● **Aim of the exercise**: Give the count of lines below that include the word "Lemsalu", and say nothing else.

● **Dataset records**:
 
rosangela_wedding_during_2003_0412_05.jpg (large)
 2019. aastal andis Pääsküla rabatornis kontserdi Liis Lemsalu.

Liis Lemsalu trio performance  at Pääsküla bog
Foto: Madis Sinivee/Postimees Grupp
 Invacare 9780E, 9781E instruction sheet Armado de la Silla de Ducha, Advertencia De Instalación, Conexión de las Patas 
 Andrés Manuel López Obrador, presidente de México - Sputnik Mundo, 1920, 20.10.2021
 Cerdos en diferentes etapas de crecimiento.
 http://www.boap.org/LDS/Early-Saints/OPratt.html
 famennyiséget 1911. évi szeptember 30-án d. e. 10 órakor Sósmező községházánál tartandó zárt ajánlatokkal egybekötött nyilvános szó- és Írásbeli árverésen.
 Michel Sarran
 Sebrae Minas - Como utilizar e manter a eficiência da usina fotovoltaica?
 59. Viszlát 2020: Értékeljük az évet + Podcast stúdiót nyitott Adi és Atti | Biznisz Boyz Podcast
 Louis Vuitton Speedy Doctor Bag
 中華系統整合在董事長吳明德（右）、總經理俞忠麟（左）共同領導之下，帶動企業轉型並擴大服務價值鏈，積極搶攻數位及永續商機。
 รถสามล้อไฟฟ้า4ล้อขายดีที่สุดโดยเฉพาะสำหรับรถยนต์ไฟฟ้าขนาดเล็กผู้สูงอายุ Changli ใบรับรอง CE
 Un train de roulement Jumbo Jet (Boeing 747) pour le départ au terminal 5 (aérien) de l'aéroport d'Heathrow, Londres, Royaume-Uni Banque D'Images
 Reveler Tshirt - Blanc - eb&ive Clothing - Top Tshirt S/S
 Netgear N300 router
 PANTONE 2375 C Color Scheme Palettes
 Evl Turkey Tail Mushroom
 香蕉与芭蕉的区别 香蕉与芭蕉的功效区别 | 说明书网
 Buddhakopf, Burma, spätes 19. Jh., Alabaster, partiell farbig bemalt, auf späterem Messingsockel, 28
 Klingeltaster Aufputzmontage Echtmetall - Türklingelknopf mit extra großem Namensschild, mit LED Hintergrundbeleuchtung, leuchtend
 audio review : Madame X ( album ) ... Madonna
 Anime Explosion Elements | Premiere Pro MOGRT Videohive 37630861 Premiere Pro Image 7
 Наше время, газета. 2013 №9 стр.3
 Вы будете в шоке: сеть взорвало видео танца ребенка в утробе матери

● **Solution for this task**: 2